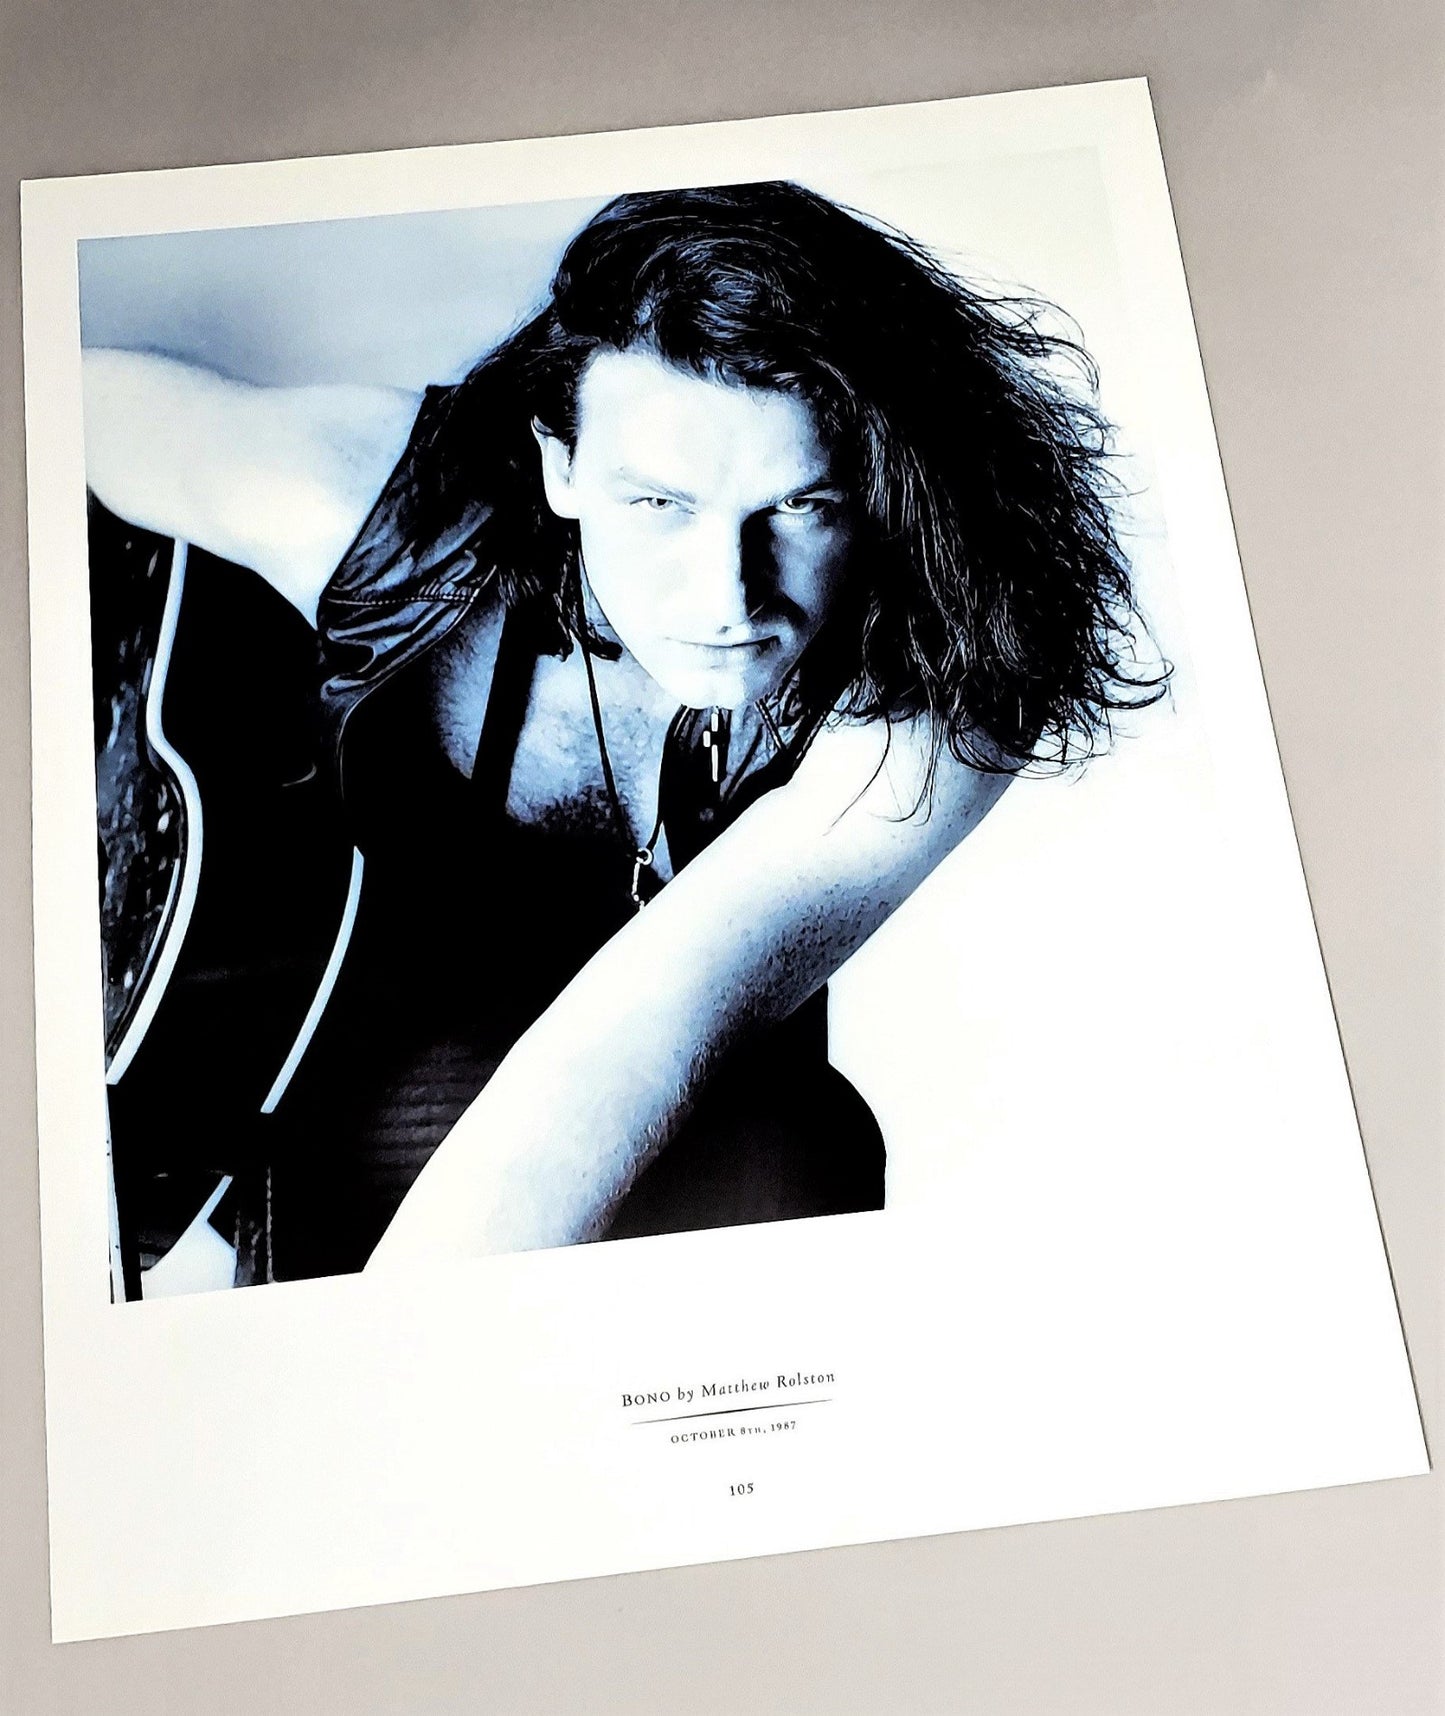 Vintage photograph page of Bono photographed by Matthew Rolston in 1984
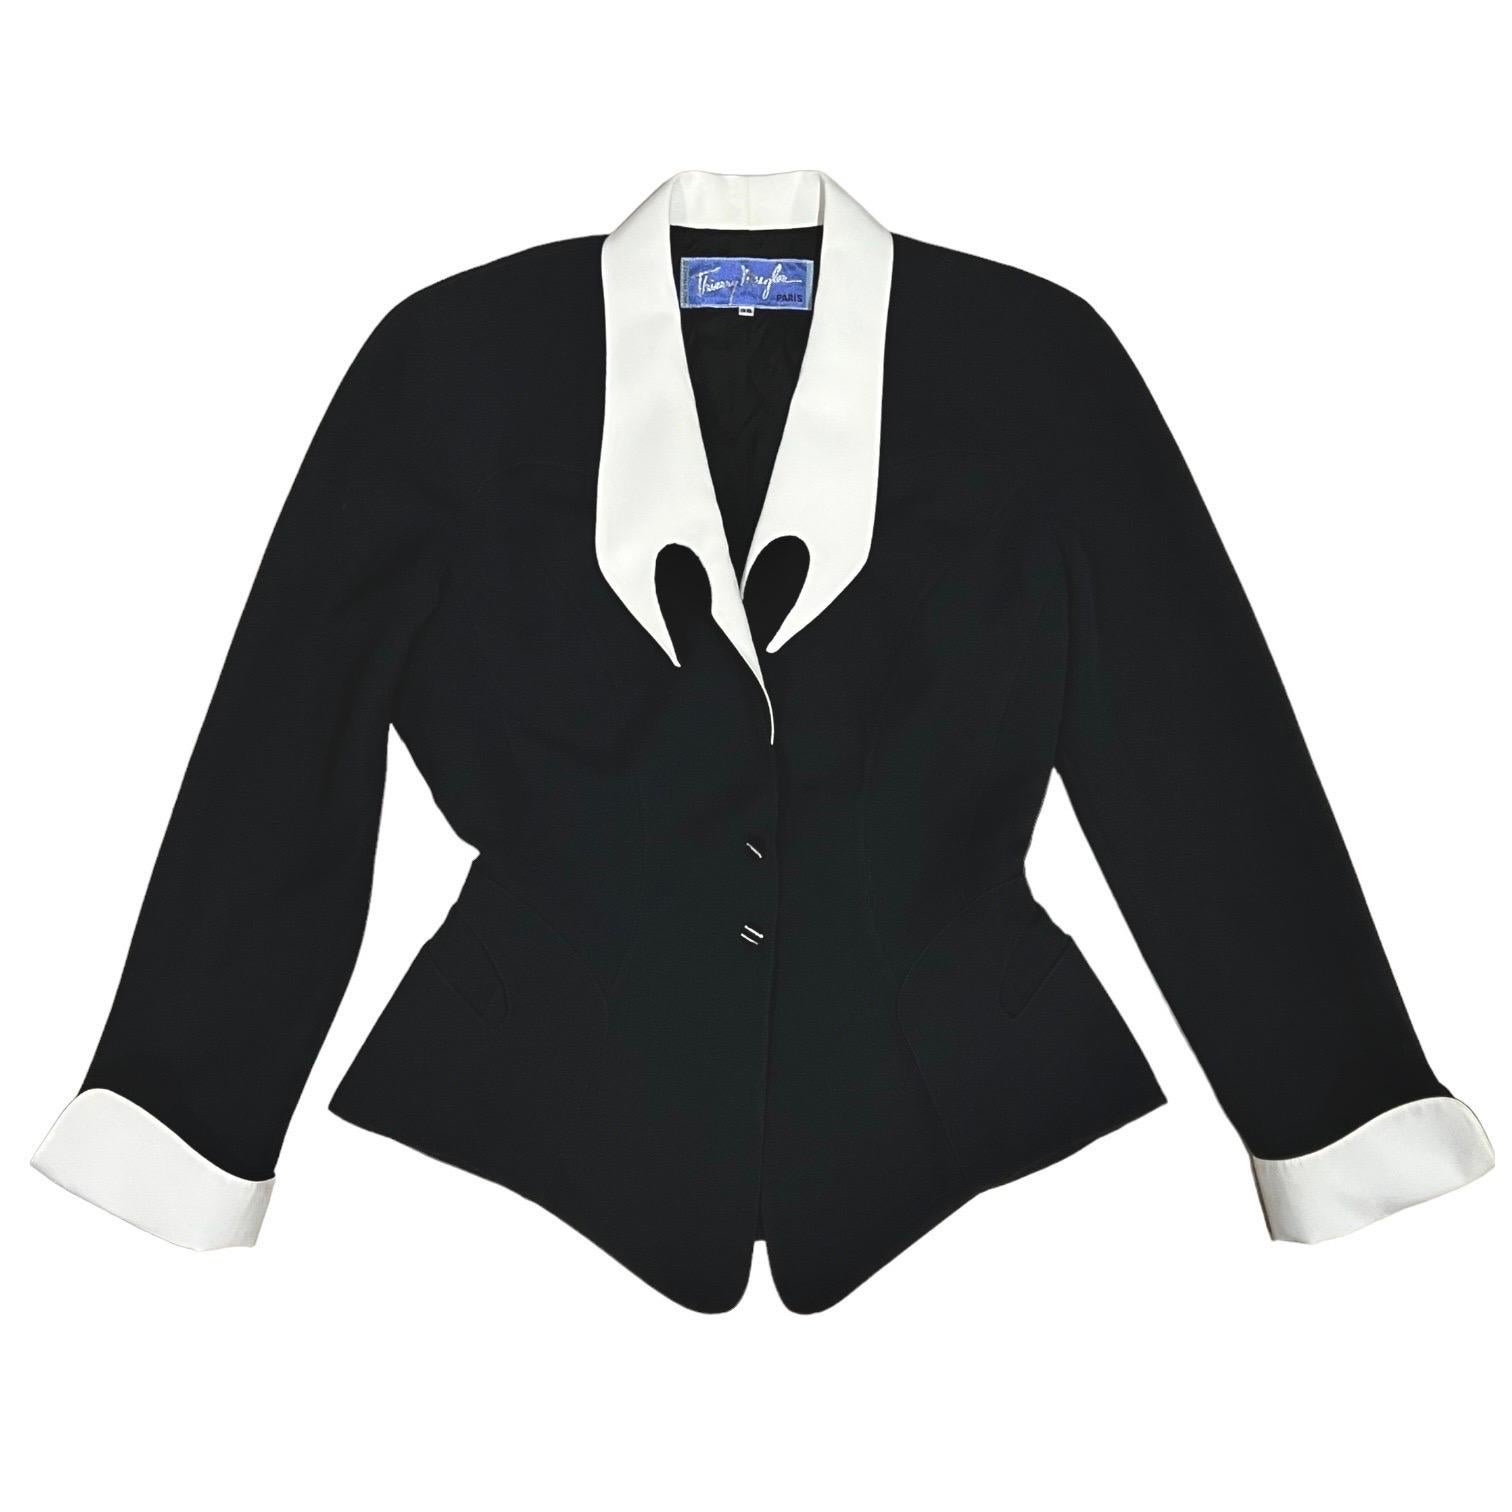 S/S 1992 Thierry Mugler Black Runway Jacket Dramatic White Collar For Sale 4
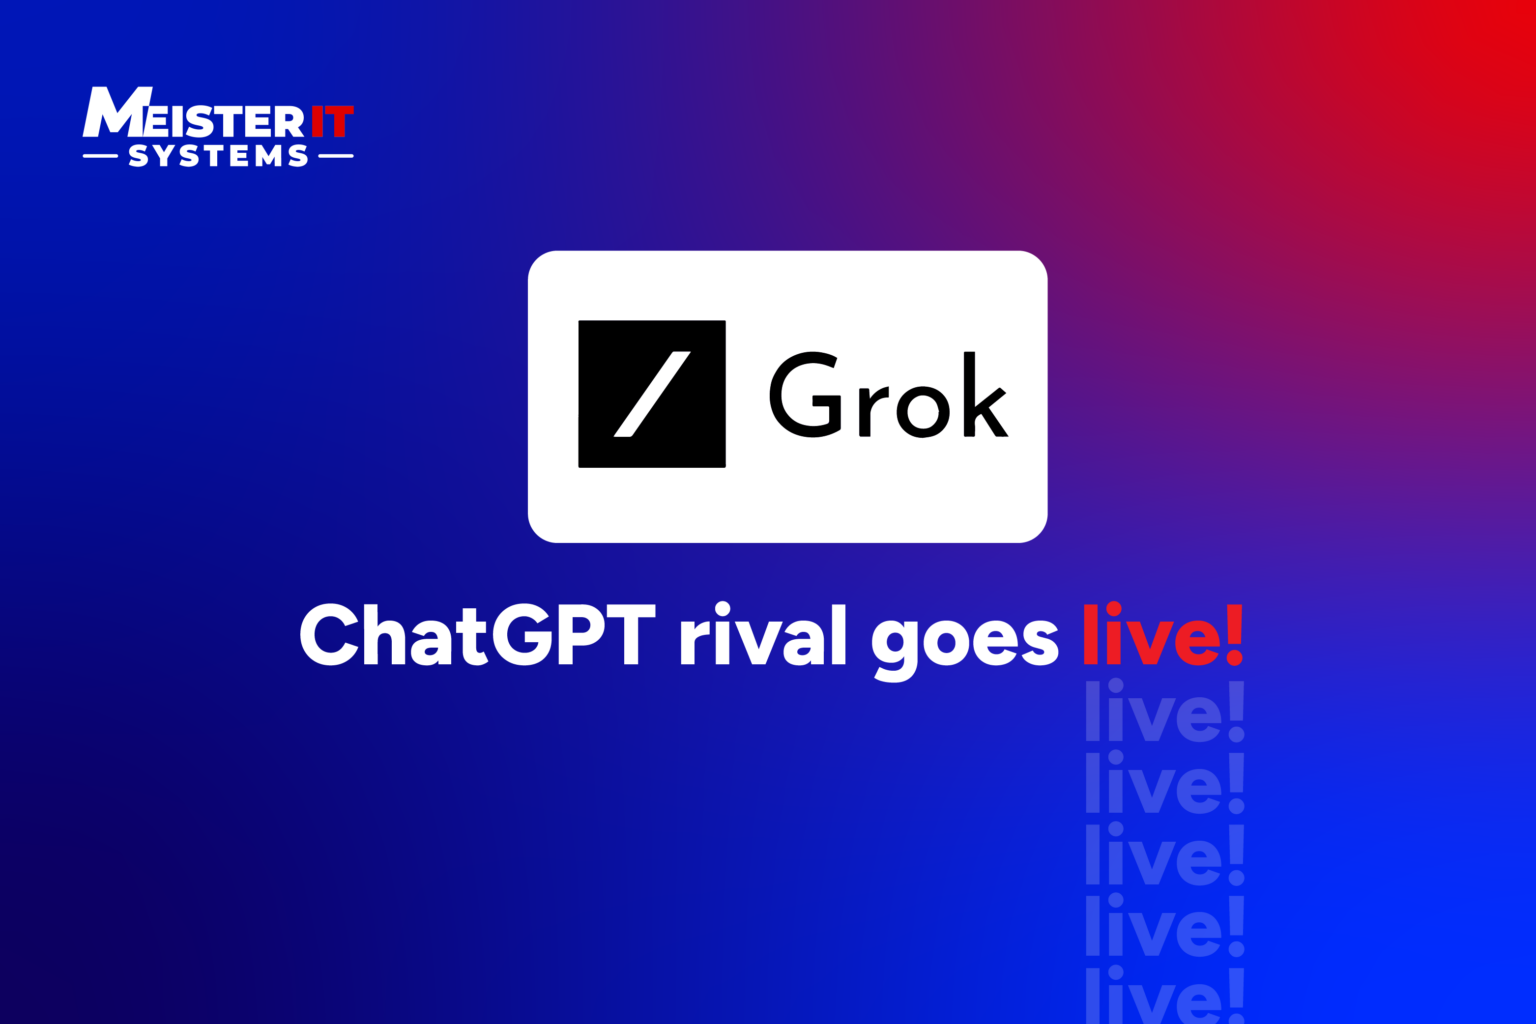 ChatGPT Rival Goes Live!
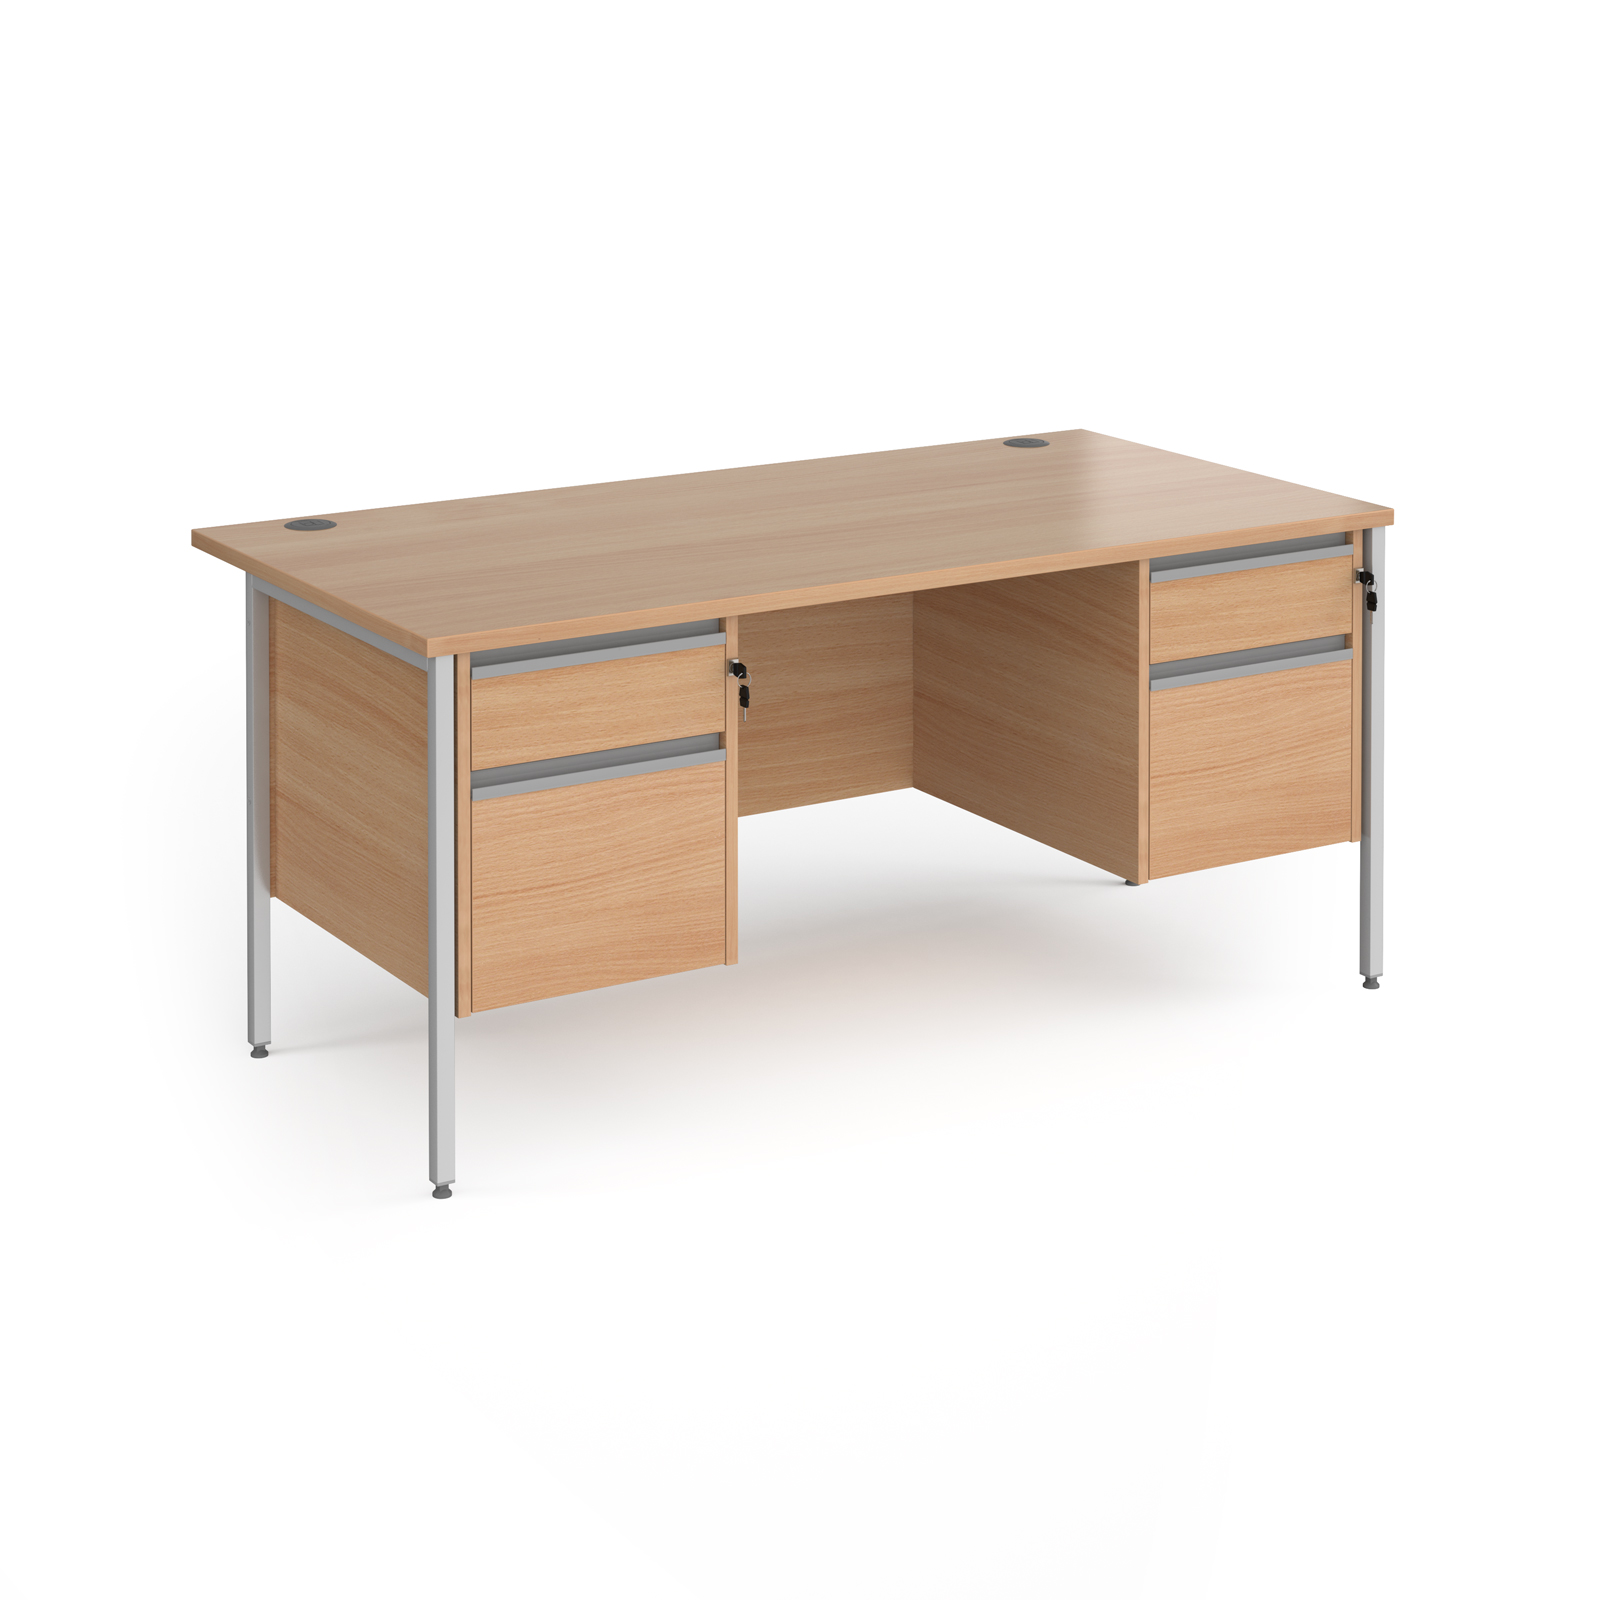 Contract 25 H-Frame straight desk with 2 and 2 drawer peds
────────────────────────────────────────
Exercise details ::
Could you retype exactly, and only, the lines running from the one with "ChatGPT Rival Goes Live!" to the last line of the listing, while leaving any pictures out?

Written solution ::
 ChatGPT Rival Goes Live!
 Contract 25 H-Frame straight desk with 2 and 2 drawer peds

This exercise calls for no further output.